### [TRY IT]
Using the data below, restate exactly every line from the one with "Co musíte vidět" up to and including the one with "Шорты джинсовые для". No picture belongs in it.

### [INFORMATION SUPPLIED]
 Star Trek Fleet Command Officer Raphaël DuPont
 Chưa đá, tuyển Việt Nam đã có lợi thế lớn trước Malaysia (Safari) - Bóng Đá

==

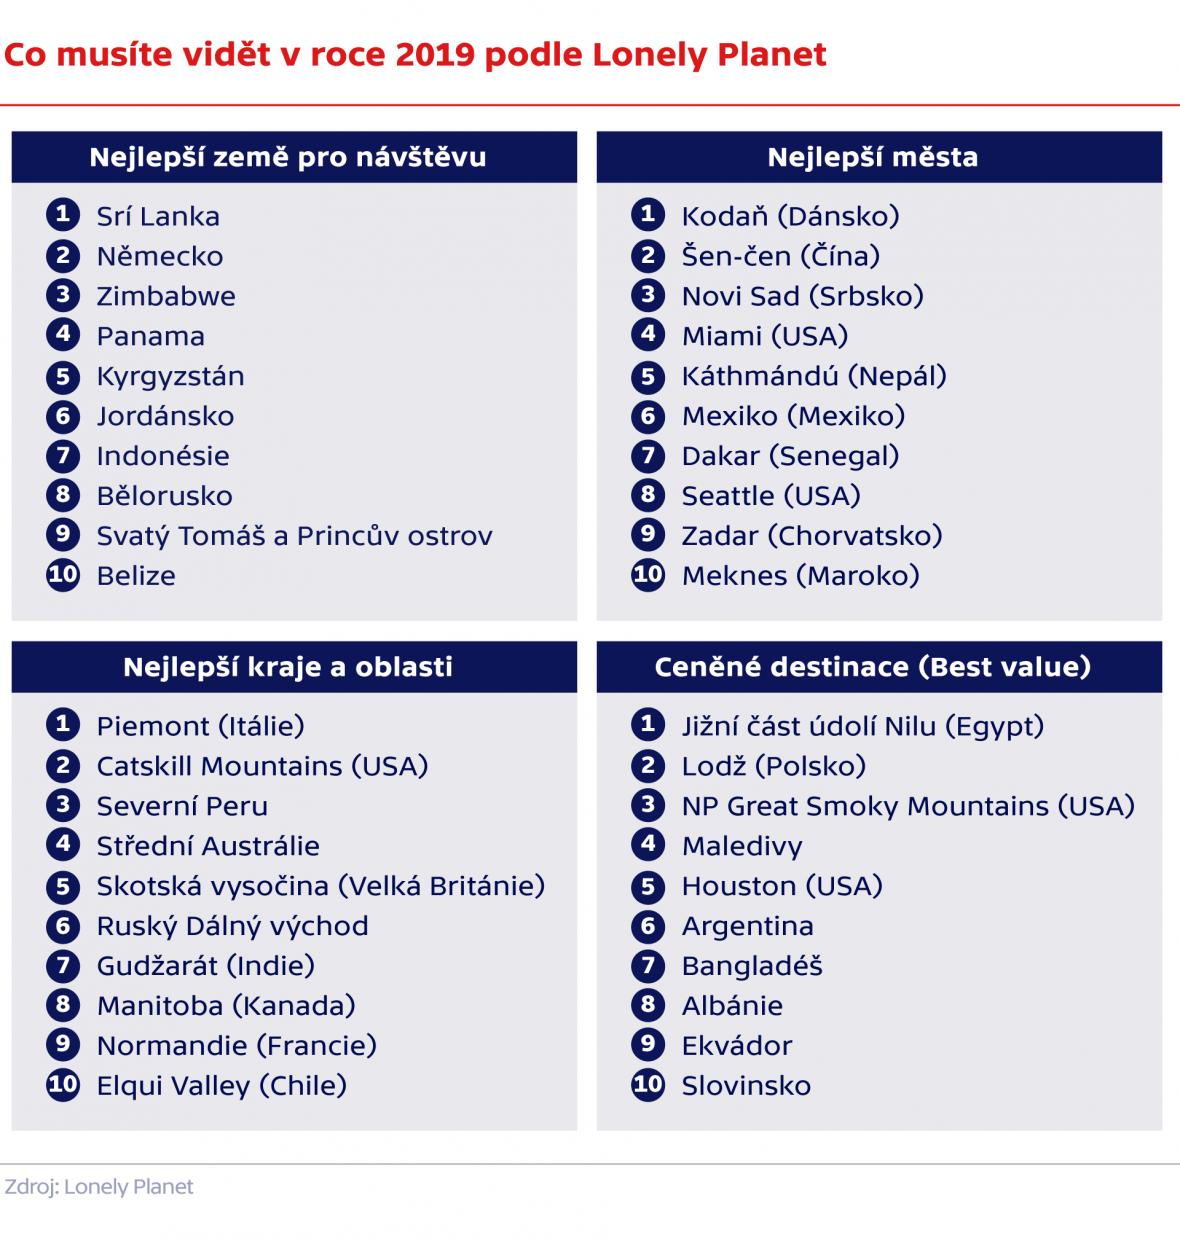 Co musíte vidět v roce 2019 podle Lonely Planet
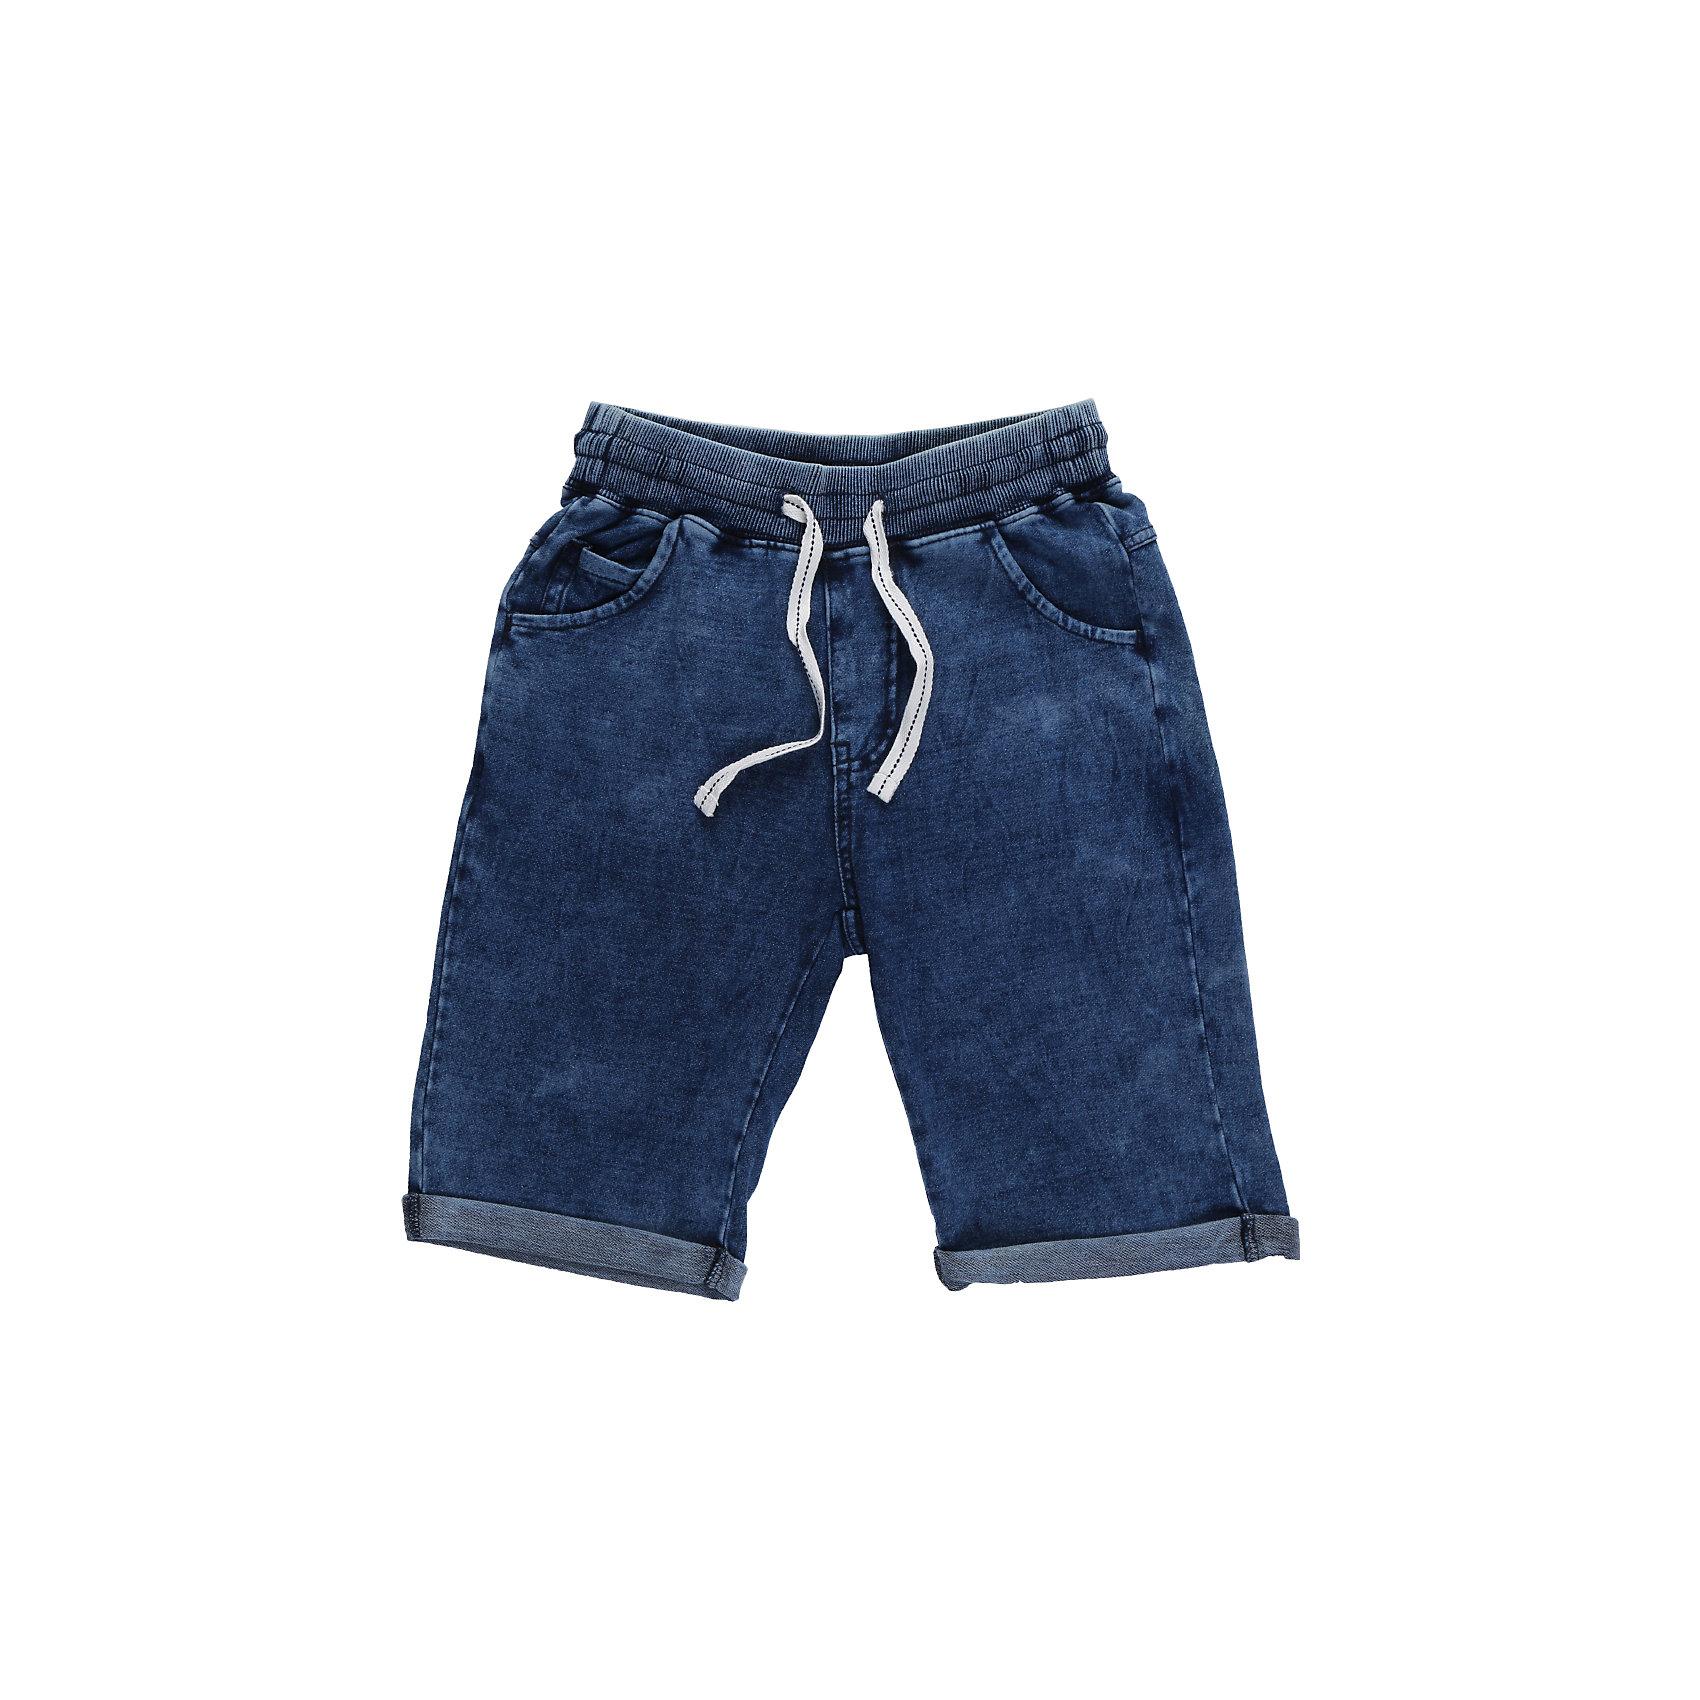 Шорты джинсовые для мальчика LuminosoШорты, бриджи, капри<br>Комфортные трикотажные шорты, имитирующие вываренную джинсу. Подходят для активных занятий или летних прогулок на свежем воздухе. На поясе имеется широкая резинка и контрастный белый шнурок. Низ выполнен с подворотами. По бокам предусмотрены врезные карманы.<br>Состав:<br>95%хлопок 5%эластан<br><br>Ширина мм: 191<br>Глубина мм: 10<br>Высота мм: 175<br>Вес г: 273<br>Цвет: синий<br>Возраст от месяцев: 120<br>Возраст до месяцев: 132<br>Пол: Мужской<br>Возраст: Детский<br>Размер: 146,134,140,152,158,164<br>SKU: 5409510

==

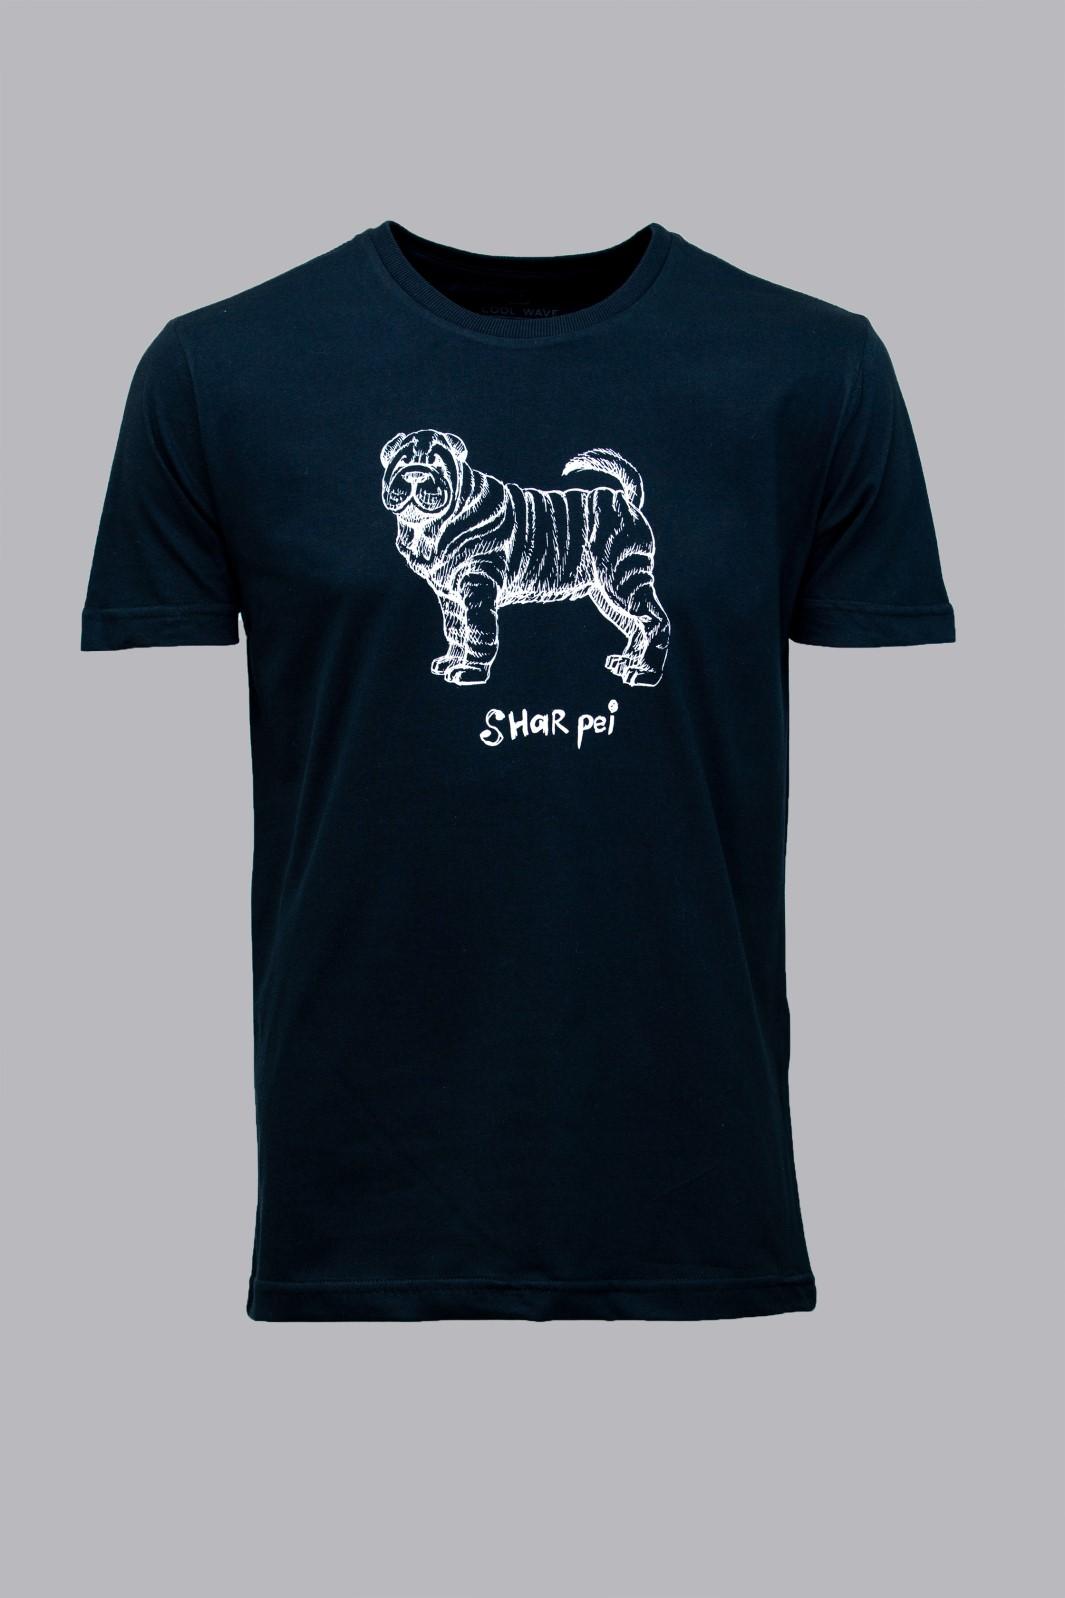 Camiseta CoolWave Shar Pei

### [RESULT OF THE EXERCISE]
 Co musíte vidět v roce 2019 podle Lonely Planet
 Шорты джинсовые для мальчика LuminosoШорты, бриджи, капри<br>Комфортные трикотажные шорты, имитирующие вываренную джинсу. Подходят для активных занятий или летних прогулок на свежем воздухе. На поясе имеется широкая резинка и контрастный белый шнурок. Низ выполнен с подворотами. По бокам предусмотрены врезные карманы.<br>Состав:<br>95%хлопок 5%эластан<br><br>Ширина мм: 191<br>Глубина мм: 10<br>Высота мм: 175<br>Вес г: 273<br>Цвет: синий<br>Возраст от месяцев: 120<br>Возраст до месяцев: 132<br>Пол: Мужской<br>Возраст: Детский<br>Размер: 146,134,140,152,158,164<br>SKU: 5409510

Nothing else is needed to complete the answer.